Both Sunni Muslims and Shia Muslims agree on the three holiest sites in Islam being, respectively, the Masjid al-Haram (including the Kaaba), in Mecca; the Al-Masjid an-Nabawi, in Medina; and the Al Aqsa Mosque compound, in Jerusalem.

Shia Muslims consider sites associated with Muhammad, his family members (Ahl al-Bayt), Shia Imams and their family members to be holy. After the four holy cities of Islam (Mecca, Medina, Jerusalem and Damascus, which houses the Umayyad Mosque, often considered the fourth holiest site in Islam), some of the most revered sites by Shias include Najaf and Karbala, in Iraq, and Qom, in Iran.

Holy sites accepted by all Muslims

Kaaba
Kaaba (Arabic: The Cube) is the most sacred site in Islam.

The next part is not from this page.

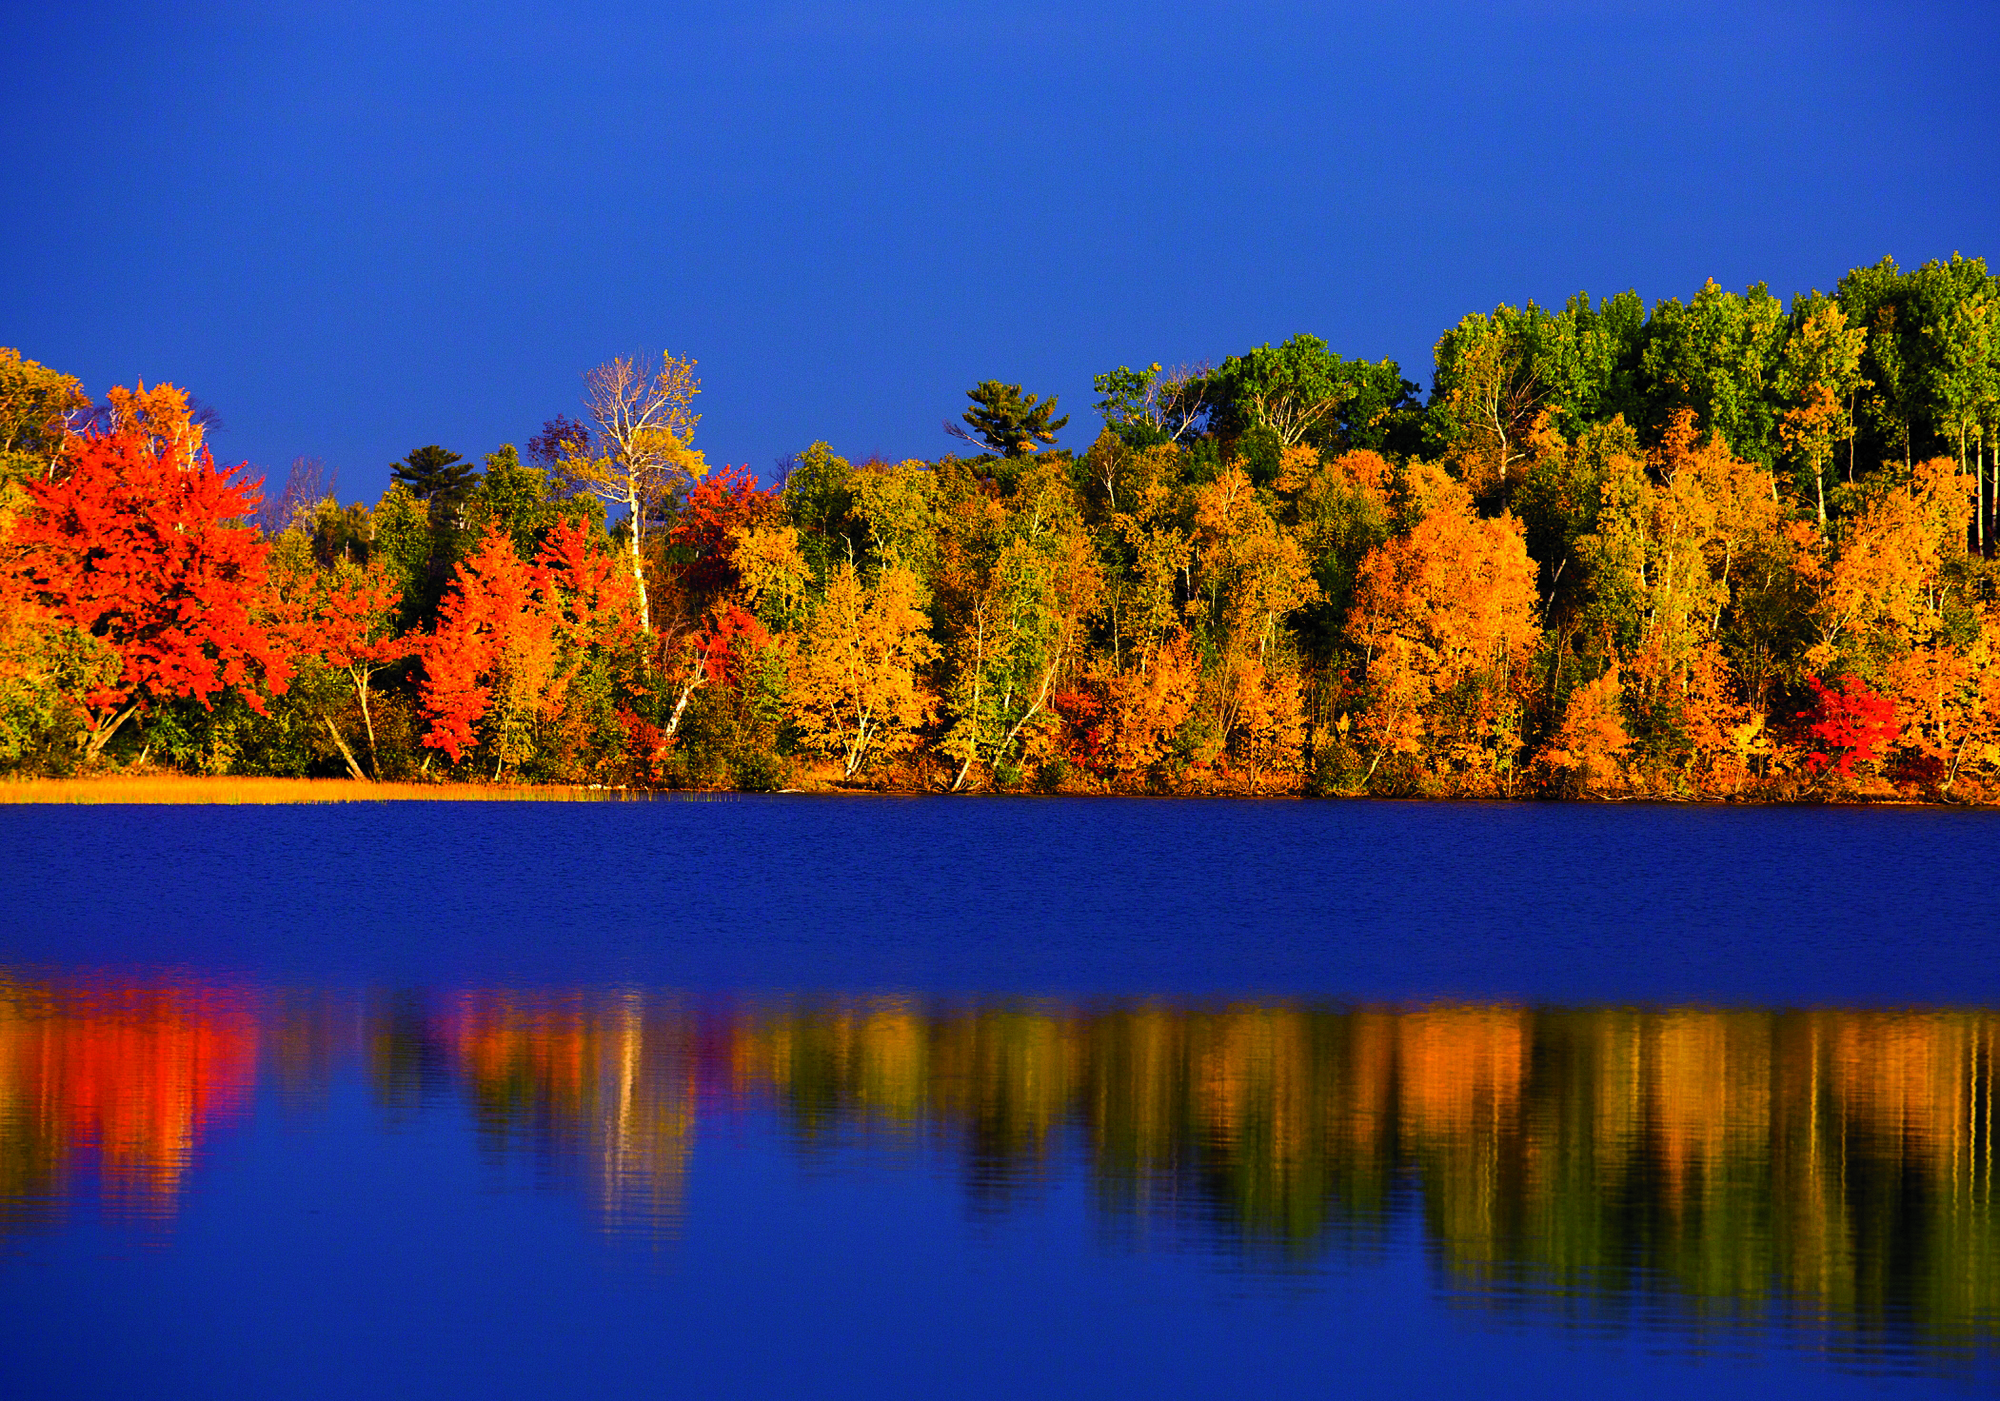 The color of the leaves around Lake Superior is at peak brightness early in morning.

It is surrounded by Masjid-al-Haram. During the Hajj period, the mosque is unable to contain the multitude of pilgrims, who pray on the outlining streets. More than 2 million worshippers gather to pray during Eid prayers.

According to the teachings of Islam, God in the Quran used the word mosque when referring to the sites established by Ibrahim (Abraham) and his progeny as houses of worship to God centuries before the revelation of the Quran. The first of these spots is Masjid al-Haram in Mecca and the second is Al-Aqsa Mosque in Jerusalem. Before Mecca and Jerusalem came under Muslim control between 630 AD and 638 AD, the site of the Kaaba, which was established by Abraham and Ishmael, was used by non-Muslim Arabs who worshipped multiple gods.

Al-Masjid an-Nabawi
Al-Masjid an-Nabawi ("Mosque of the Prophet"), located in Medina, Saudi Arabia is the second holiest site in Islam.

The edifice was originally Muhammad's house; he settled there after his Hijra (emigration) to Medina, and later built a mosque on the grounds. He himself shared in the heavy work of construction. The original mosque was an open-air building, with no gender separation. The mosque also served as a community center, a court, and a religious school. There was a raised platform for the people who taught the Quran. The basic plan of the building has been adopted in the building of other mosques throughout the world.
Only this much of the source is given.